Software Prerequisites

  • Samtools and BWA

  • SRA Toolkit

  • Parabricks

  • GATK4 v4.2.0.0

  • bedtools

  • R (vcfR, UpSetR)

Compute Requirements and Configuration

  • At least 512GB of disk space (preferably on “balanced” or SSD storage)

  • At least two NVIDIA Tesla T4 GPUs; the commands and time estimates below utilize four NVIDIA Tesla T4 GPUs.

  • At least 24 CPU cores; the commands below use 48 vCPU cores.

  • At least 48GB of RAM per GPU

  • A functional Parabricks install (version 3.7 or newer)

The examples below use an AWS VM g4dn.12xlarge with 48 vCPU cores, 192GB of RAM, and 4 NVIDIA Tesla T4 GPUs running Ubuntu 18.04.5 LTS.

Introduction

This how-to runs through a full Whole Genome Sequencing (WGS) somatic variant analysis pipeline for calling SNPs, MNPs and small indels on real 30X short-read human data. Such analyses are commonly used in cancer genomics studies. For WGS somatic variant analysis, you will utilize the example data generated by "The Somatic Mutation Working Group of the SEQC2 Consortium". The dataset contains multiplatform sequencing from HCC1395, which is a triple negative breast cancer cell line, and HCC1395 BL is the matched normal cell line. The SEQC2 dataset contains whole genome (WGS) and Exome, sequencing performed at six different sequencing centers, and multiple replicates to minimized potential biases from sequencing technologies/assays. Furthermore, the dataset was processed through nine bioinformatics pipelines to evaluate accuracy and reproducibility. The SEQC2 consortium reports artifacts generated due to sample and library processing, along with evaluating the capabilities and limitation of bioinformatics tools for artifact detection and removal. A series of detailed articles are available below:

The SEQC2 data set is well characterized and the "Truth Variant Call set" provided by the consortium allows you to validate the results from the WGS somatic variant analysis pipeline. When you finish variant calling, you will annotate the VCF with several databases to determine which variants are common or might be associated with disease. You will filter out common variants (those observed frequently in 1000 Genomes) and then use NVIDIA Parabricks tools for quality control to assess the variant caller results.

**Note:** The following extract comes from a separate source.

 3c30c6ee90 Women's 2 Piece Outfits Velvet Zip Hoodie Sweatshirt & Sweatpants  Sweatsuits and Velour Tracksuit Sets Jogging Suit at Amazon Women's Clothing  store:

Download Example FASTQ Files

The example dataset used for this how-to resides on NCBI SRA and can be downloaded using wget. Once the SRA files are downloaded, install the SRA Toolkit to convert SRA files to paired end FASTQ files using the instructions given below. Note that SRR7890827 is a normal sample and SRR7890824 is a tumor sample from the HCC1395 cell line. Paired end WGS sequencing was performed for each sample on an Illumina HiSeq X.

## Download publicly available SRA files using wget. Both files are
# about 65 GB in size.
# Normal sample
wget https://sra-pub-run-odp.s3.amazonaws.com/sra/SRR7890827/SRR7890827 --output-document=SRR7890827.sra

# Tumor sample
wget https://sra-pub-run-odp.s3.amazonaws.com/sra/SRR7890824/SRR7890824 --output-document=SRR7890824.sra

## Convert SRA to FASTQ files
fastq-dump --split-files ./SRR7890827.sra --gzip
fastq-dump --split-files ./SRR7890824.sra --gzip

Once the SRA files have been converted to FASTQ format they are no longer needed and may be deleted.

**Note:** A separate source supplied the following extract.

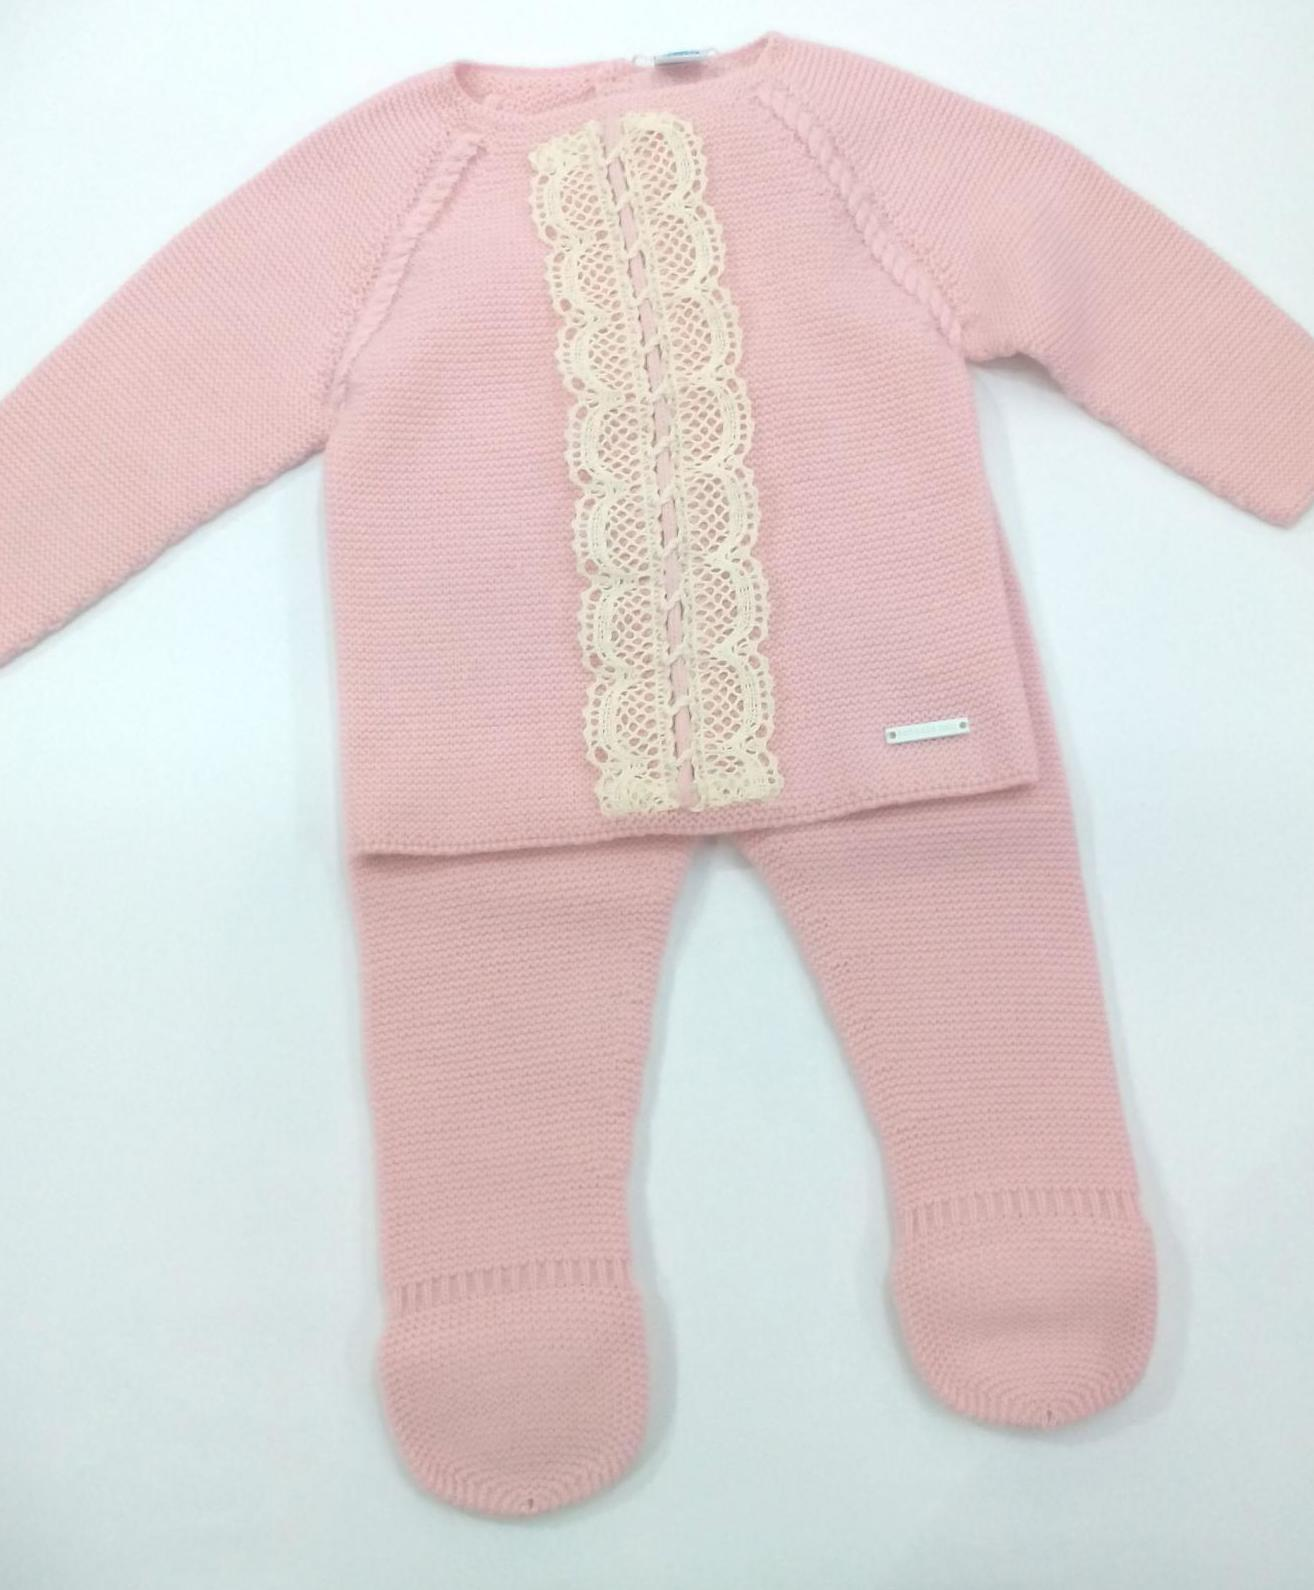 Conjunto de niña de canastilla en rosa empolvado de Pangasa

If you have your own data you’ll likely be able to substitute it directly into the commands in this how-to to get accurate, multi-caller variant calls.

Downloading and Indexing a Reference Genome and Known Sites

Next, download and index a reference genome to use in alignment and variant calling. We’ll use GRCh38 for alignment, which may be downloaded from this page:

From that website please download and extract the contents of:

  • GRCh38.d1.vd1.fa.tar.gz

If you don't want to build your own BWA indices also download and extract the contents of:

  • GRCh38.d1.vd1_BWA.tar.gz and

  • GRCh38.d1.vd1_GATK_indices.tar.gz

Otherwise you'll need to build your indices. The commands for doing so are given below.

We’ll need these additional VCF files and their indices:

along with BED and VCF files for the truth set:

Index Reference Genome

If you use a reference file for which the index is not available you can index it using BWA. Indexing should take 30 to 60 minutes.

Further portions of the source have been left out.